Une alliance citoyens - chercheurs

Pourquoi faire appel à des non-scientifiques pour recenser la biodiversité ?

Corneille baguéeInformations[1]

Il existe une réticence parfois exprimée concernant l'intérêt de faire appel au grand public pour recenser la biodiversité. Un spécialiste avec beaucoup d'expérience et qui connaît l'identification des espèces ne serait-il pas plus approprié ? Ne ferait-il pas un meilleur travail ?

La taxonomie, est la science de l'identification des taxons. Elle relève d'experts qu'ils soient professionnels ou non. Le problème avec les spécialistes c'est qu'ils ne sont pas assez nombreux ! Les programmes de sciences participatives permettent aux scientifiques « d'accumuler une grande quantité de données, qu'ils n'auraient pas obtenues par eux-mêmes » Romain Julliard (septembre 2010). Mais bien entendu, on n'attend pas des participants une connaissance d'expert !

Les protocoles sont pensés pour répondre à cette attente et de fait il n'est pas toujours demandé une identification jusqu'à l'espèce. Ce sont alors des morpho-espèces qui sont identifiées, c'est à dire un groupe d'espèce à l'écologie commune. Par exemple pour les vers de terre, on identifie des groupes selon leur occupation du sol.

Pour atteindre le grand nombre de données nécessaire, la nature des programmes est sélectionnée avec soin afin d'être faisable par le plus grand nombre tout en répondant à une question d'écologie. Les sujets abordés doivent aussi répondre aux intérêts des volontaires et favoriser leur épanouissement en abordant les aspects fascinants et merveilleux de la nature puisque le succès d'un programme dépend du public qui le fait vivre.

Les programmes de sciences participatives sont-ils vraiment fiables ?

Du fait de l'implication du grand public, certains scientifiques ainsi que certains citoyens doutent de la fiabilité des résultats des sciences participatives. Qu'ils se rassurent, comme le souligne Romain Julliard : « Les volontaires n'ont pourtant, à mes yeux, pas d'autre intérêt à participer que de faire les choses au mieux ». Il faut donc avoir confiance en ses observations si on les a faite au mieux, d'autant que « L'intérêt de ces programmes ne dépend pas de la fiabilité de chacune des données, mais plutôt du respect du protocole d'observation, et de la quantité d'informations récoltées ». Il n'y a donc aucune raison d'hésiter à participer ou de censurer ses données.

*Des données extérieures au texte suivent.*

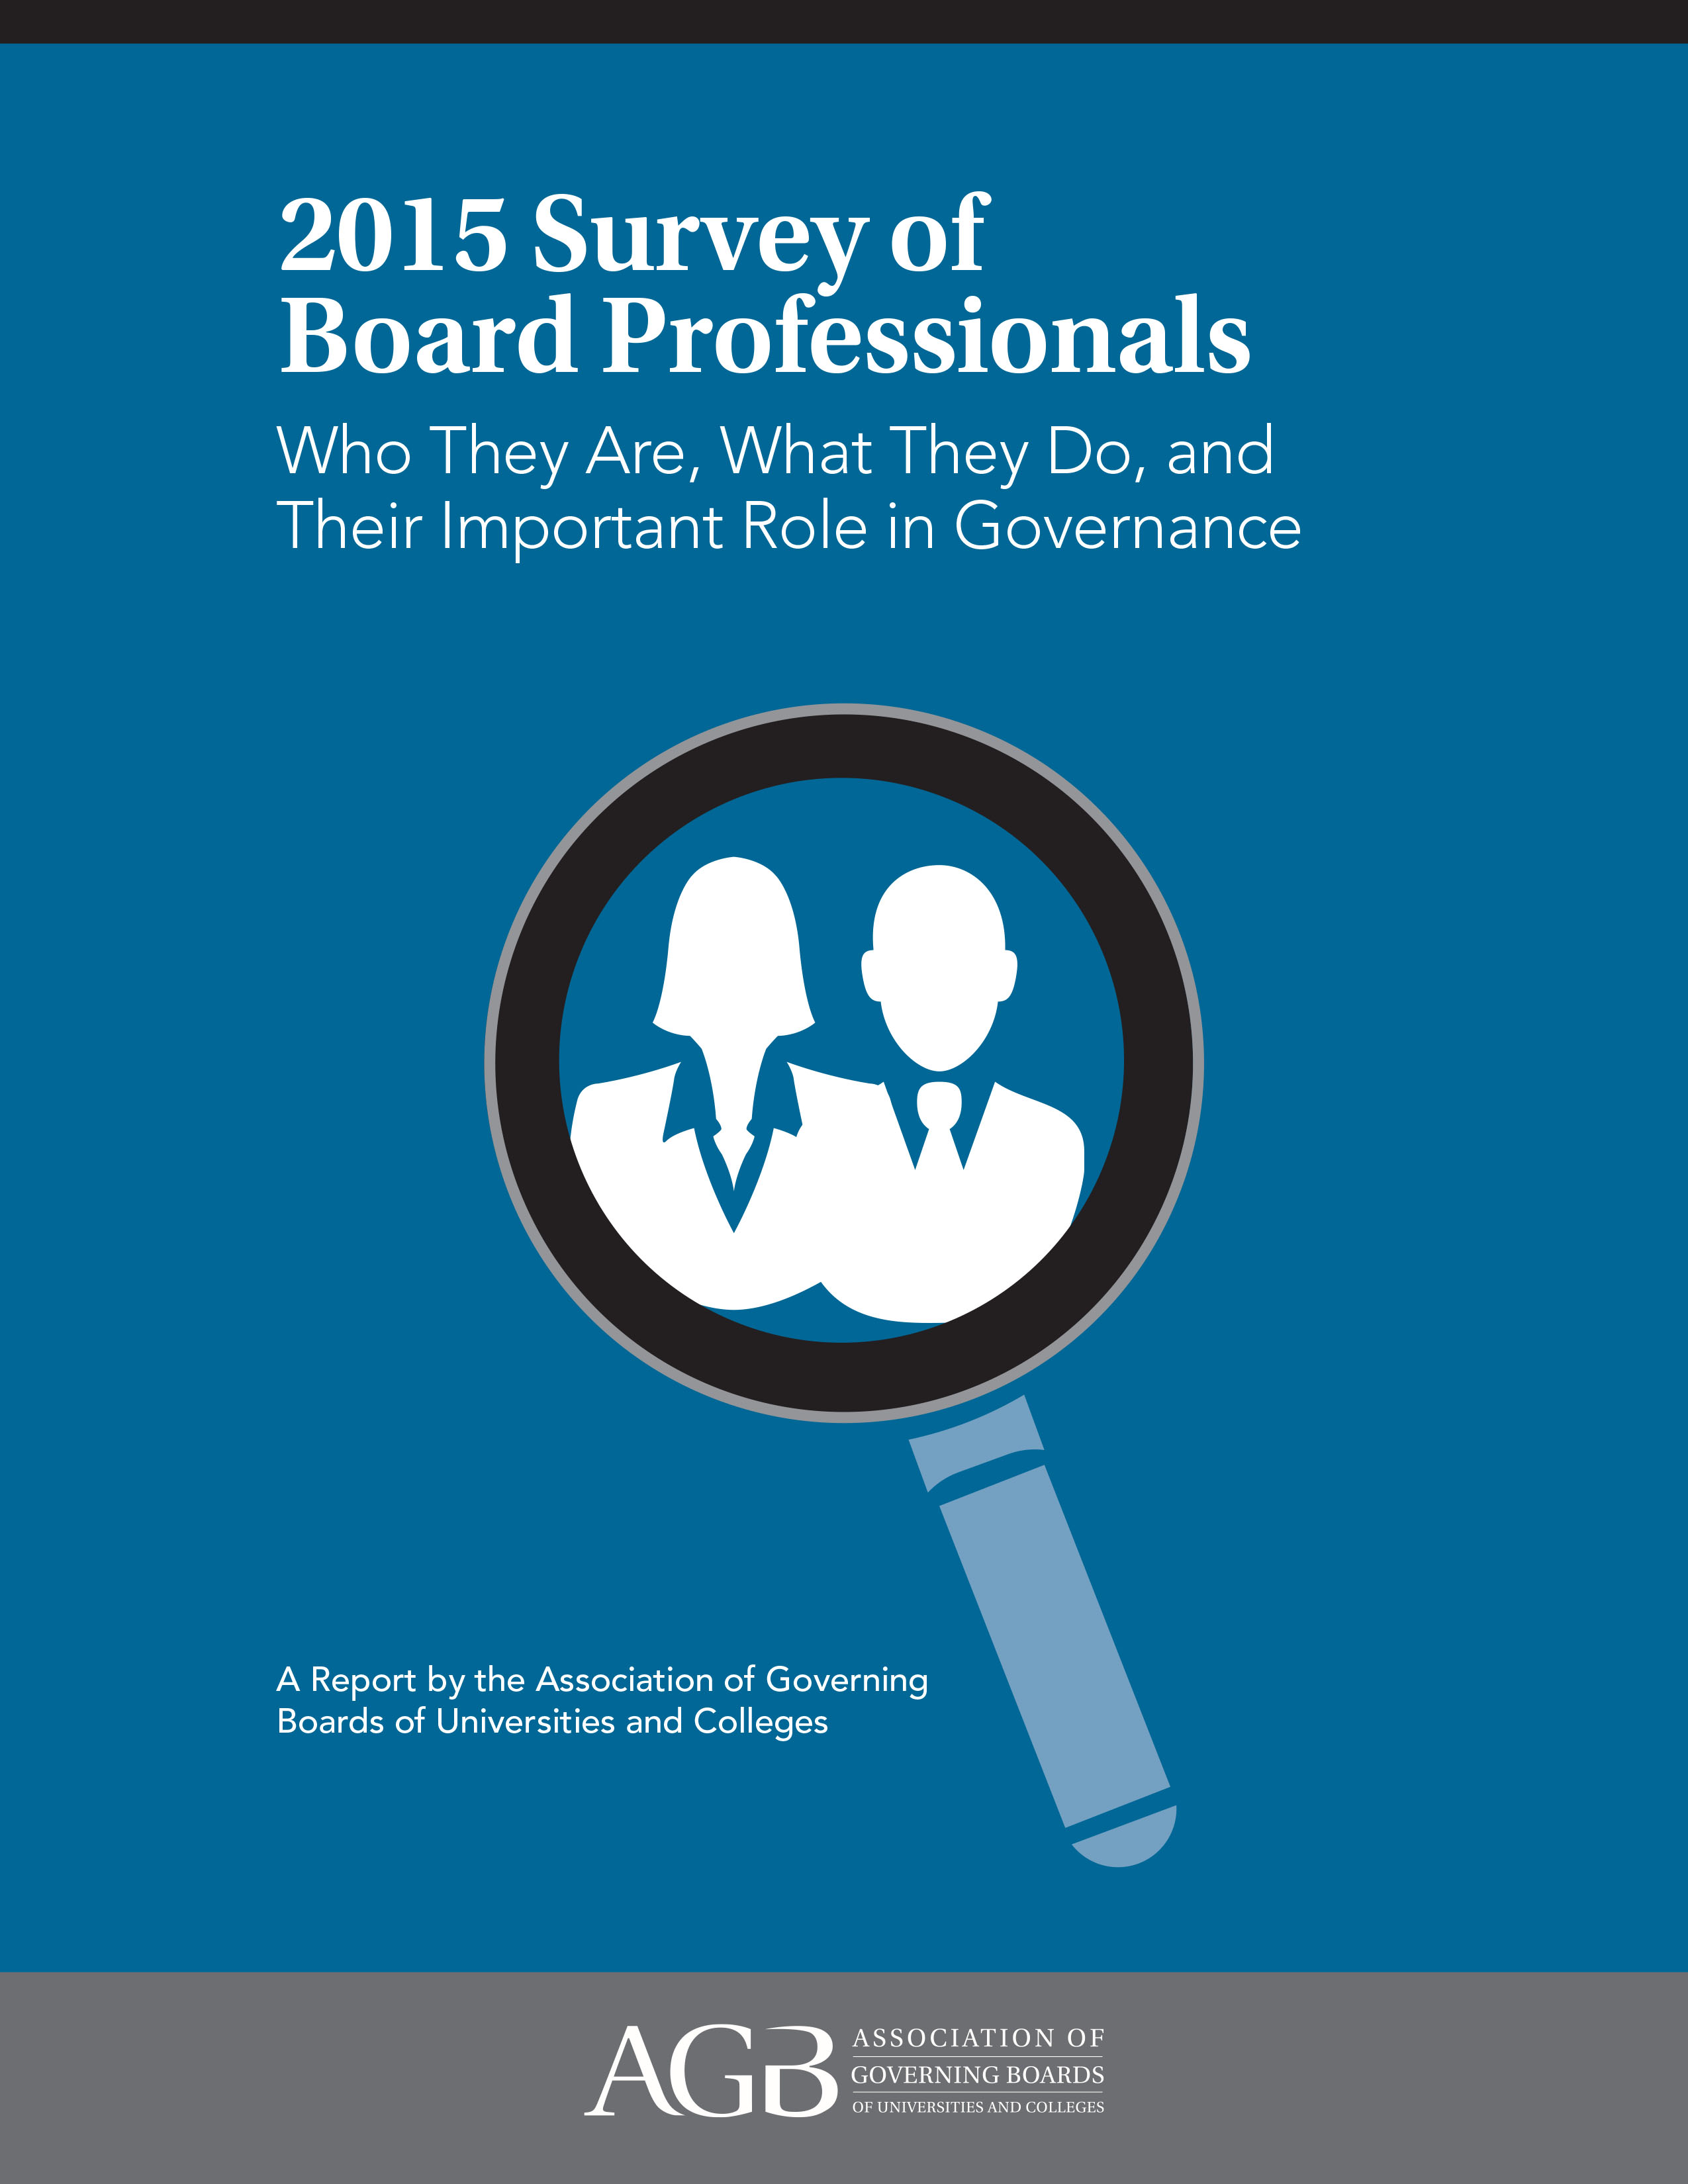 2015 Survey of Board Professionals - Who they are, what they do, and their important role in governance

Ainsi, même si quelques réponses sont erronées et sortent du lot, la masse de données tend vers un résultat commun. De plus le taux d'erreur d'identification a pu être testé et est estimé à moins de 5% pour l'Observatoire des Papillons des Jardins. Il ne faut jamais oublier que ce risque n'est jamais nul même pour les plus compétents bien qu'il soit très important de le minimiser autant que possible !

Ces craintes que provoquent l'idée de faire participer le grand public oublient qu'au-delà de l'objectif principal, soit la collecte de données standardisées pour alimenter le travail des chercheurs, « ces programmes ne servent pas qu'à générer de nouvelles connaissances : ils contribuent aussi à éveiller l'intérêt du public pour la nature, et participent, nous l'espérons, à une meilleure perception des sciences. » Romain Julliard (septembre 2010).

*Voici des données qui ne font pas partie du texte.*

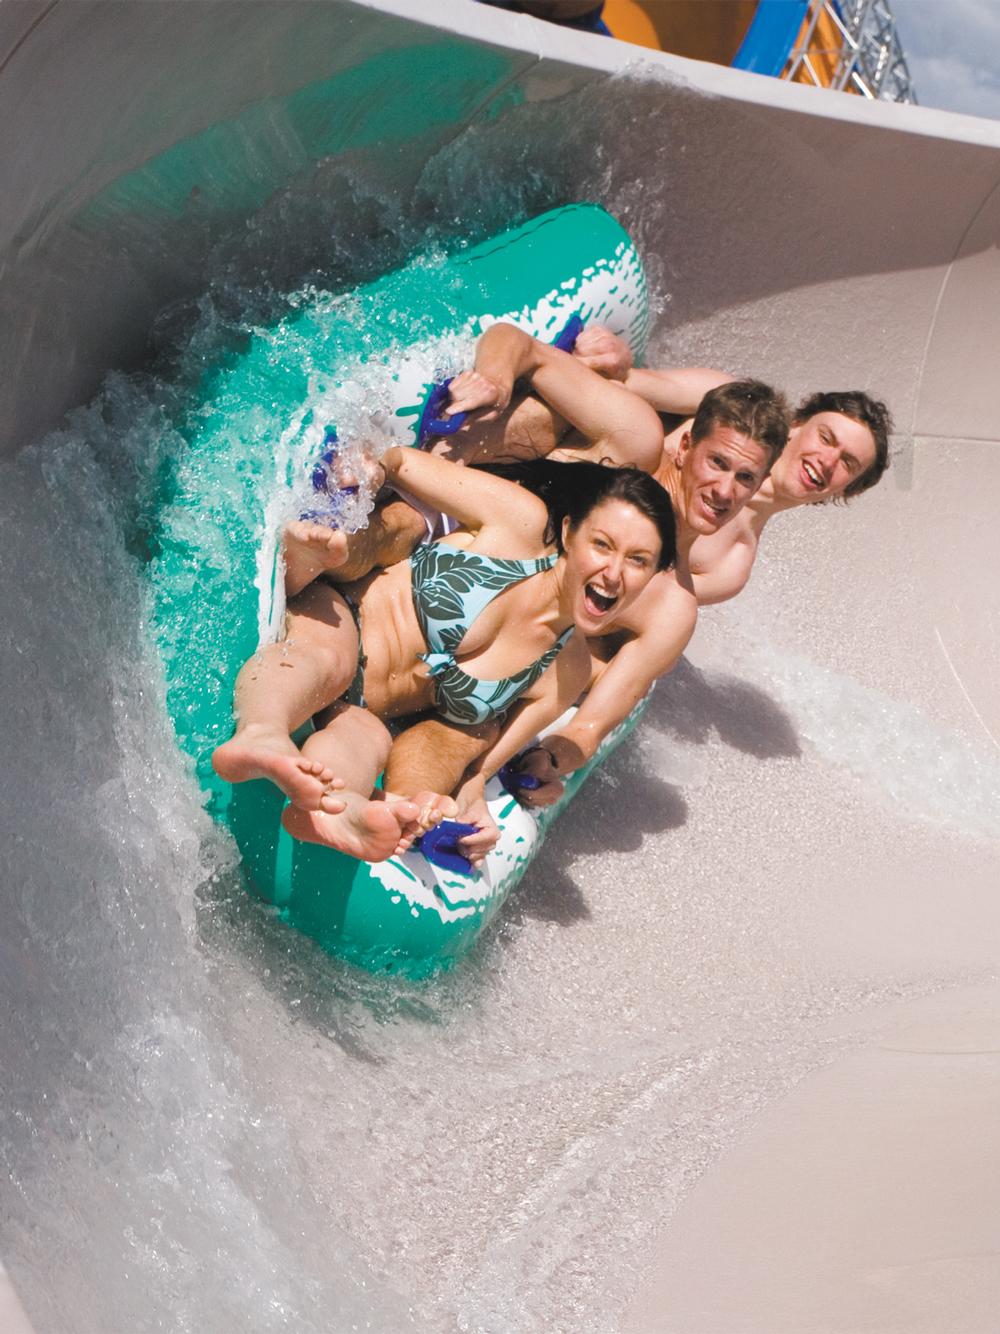 Yas Waterworld is a prime example of an innovative new waterpark

La contribution des sciences participatives à la recherche

L'objectif affiché des programmes de sciences participatives est bien de contribuer à l'amélioration des connaissances scientifiques. Qu'en est-il réellement ?

Évolution du nombre de publications en sciences participatives dans le mondeInformations[2]

Dans leur rapport sur les sciences participatives (2016), Houllier, Merilhou-Goudard ont réalisé une analyse bibliographique pour évaluer l'apport des sciences participatives à la recherche. Ils ont recensé 4640 articles publiés depuis 1970. Ce corpus, et le graphique ci-dessous, montre que ces méthodes de recherches sont encore relativement marginale (à titre de comparaison, plus de 2 millions de publications scientifiques sont parues en 2014) bien qu'en croissance exponentielle à partir des années 2000. L'intérêt marqué pour les sciences participatives est donc récent.

A quoi servent les observations des citoyens en écologie ?

Avec toutes les données récoltées, les scientifiques peuvent aborder des questions concernant la biodiversité à grande échelle, dans l'espace ou le temps, comme par exemple les changements que la biodiversité subit et comprendre ainsi l'origine de ces variations. Pour ce faire, ils établissent des analyses statistiques et des représentations graphiques ou cartographiques. De certains de ces résultats sont tirés des indicateurs qui donnent des informations à chacun sur l'évolution de la biodiversité.

Ces recherches scientifiques permettent également de fournir des éléments factuels aux décideurs publics et de réfléchir ainsi collectivement à la préservation et la protection de la biodiversité.